It is important to have a food processor to help in the preparation of this soup.
3 tablespoons of Extra-Virgin Olive Oil
1 pound of mild Italian Sausage
1 pound of Cheese Tortellini
2 tablespoons of Salt (for the pasta water)
2 Zucchini Squashes, cleaned, skin-on, and sliced
1-½ cups of White Onion, finely chopped
4 cloves of Garlic, minced
1 cup of Carrots, shredded
1 cup of Celery, chopped
2 Tomatoes, peeled and chopped (about 1-½ cups)
1 Shallot, finely chopped (about 3 tablespoons)
10 cups of Chicken Broth
1 tablespoon of McCormick® Grill Mates® Montreal Steak Seasoning
1 tablespoon of dried Italian Seasoning
Salt and Black Pepper to taste
Garnishes for the Soup (optional):
Salad Croutons (and that recipe can be easily accessed by clicking on that recipe title)
Red Pepper Flakes
In a large pot, heat the water with the salt until it boils. When the water is boiling, add the cheese tortellini and cook it pursuant to the directions on the packaging. When the tortellini is cooked “al dente”, drain the tortellini, and set it aside.

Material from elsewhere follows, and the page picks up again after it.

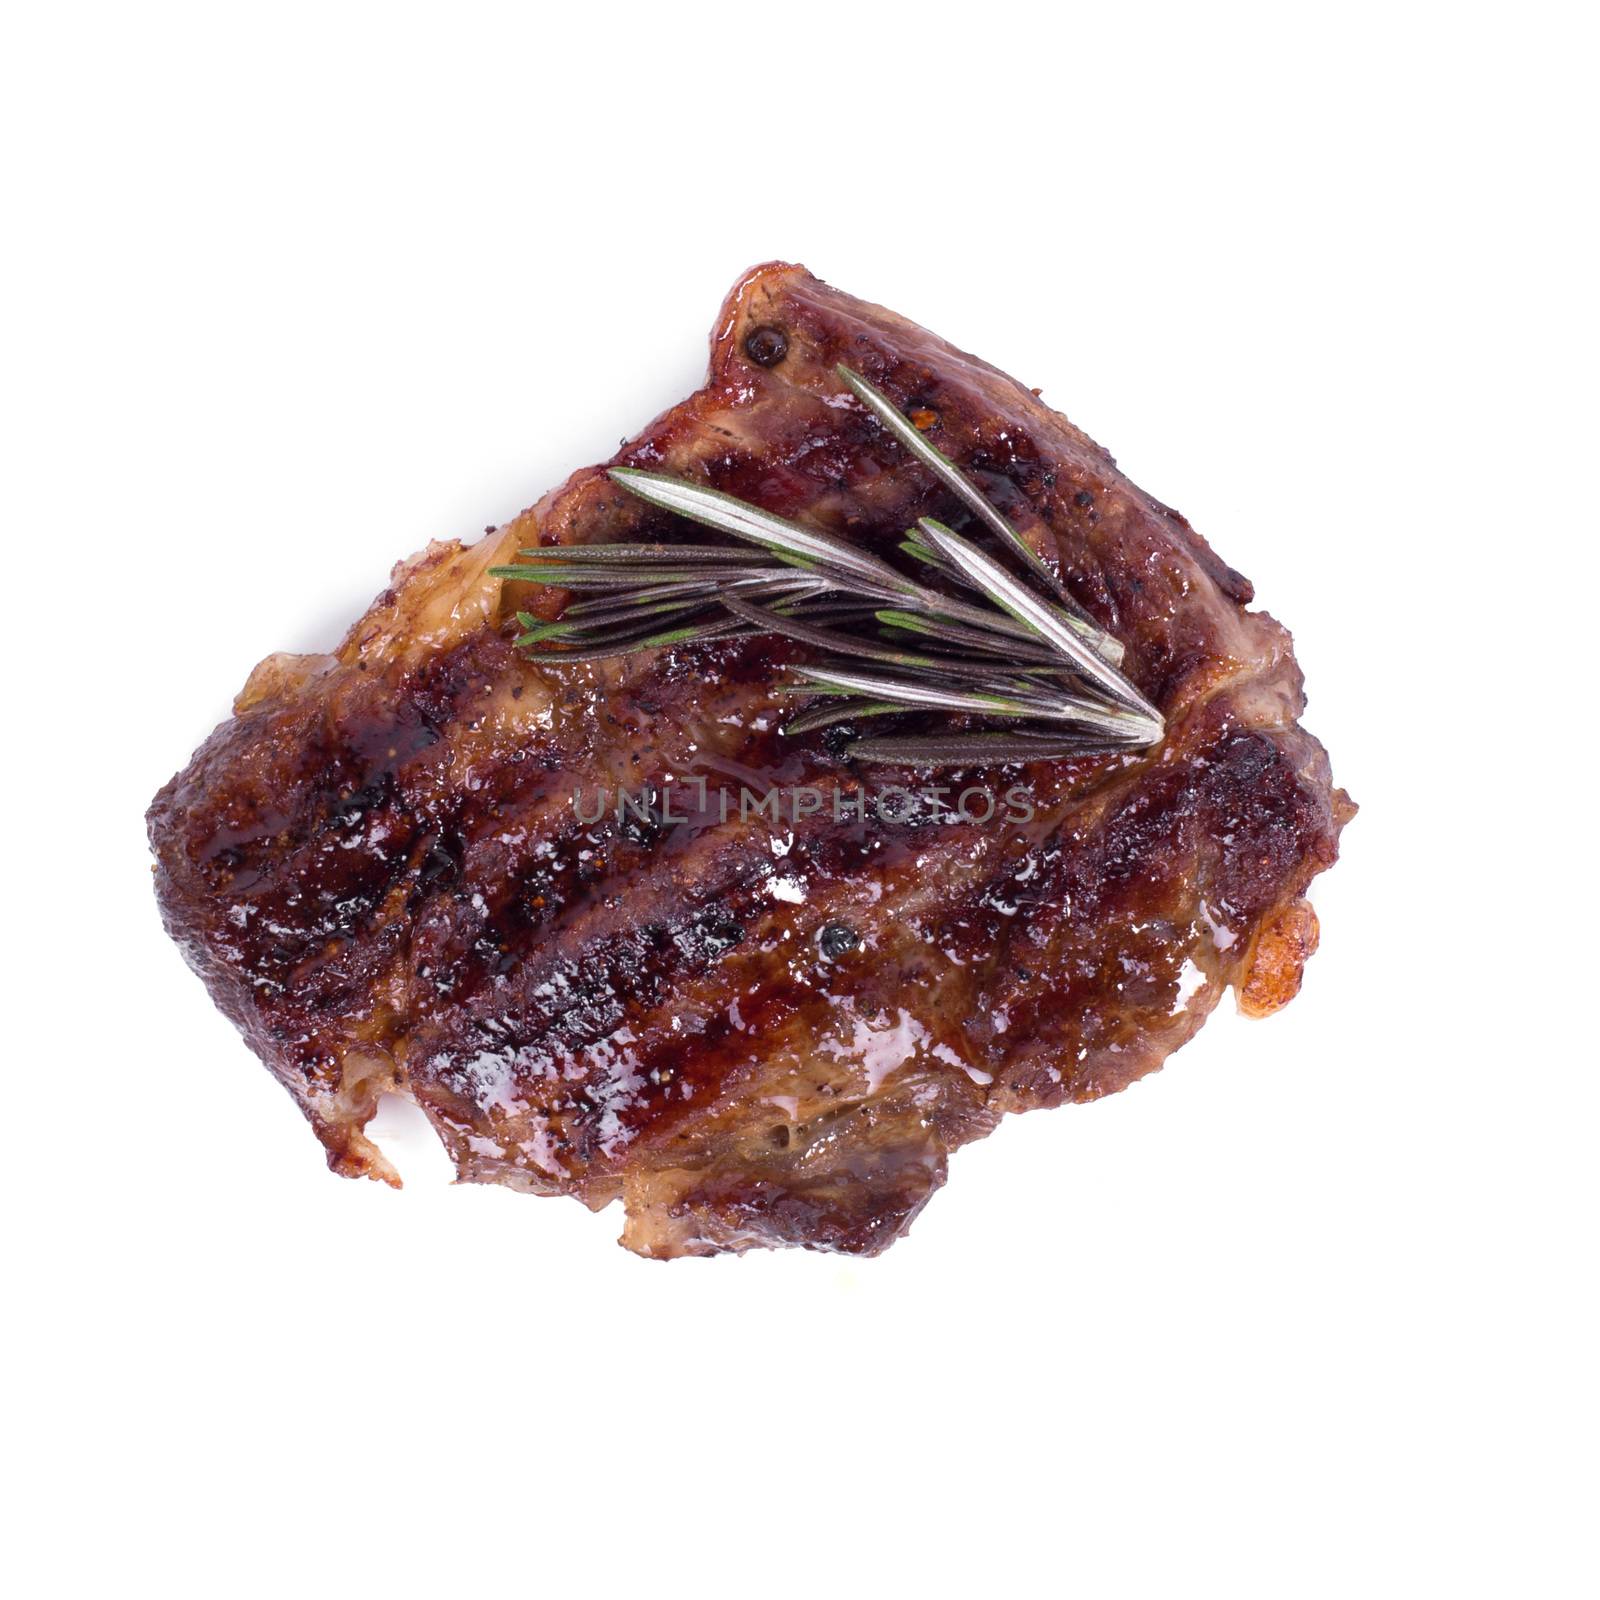 Grilled steak by rufatjumali

Heat a large soup stockpot, and add the sausage. Cook the sausage thoroughly, and then set it aside on a plate to cool. Return the stock pot to the stove and add the olive oil, the garlic, the shallots, and the onions. Cook them over a medium heat until they are translucent. Add the carrots and celery and continue cooking them to begin to soften the vegetables over about 3-5 minutes, then add the Italian Seasoning and the McCormick® Grill Mates® Montreal Steak Seasoning. In a food processor, pulse the sausage so that it looks like cooked, ground beef. Add the ground sausage meat to the soup pot along with the chicken broth. Cook it for about 10-15 minutes on a medium heat. Add the tomatoes and the zucchini, and then cook all of it for another 10 minutes. Add the tortellini and finally cook the soup for about 10 minutes. Add salt and black pepper to taste, as well as any garnishes of your choice before it is served.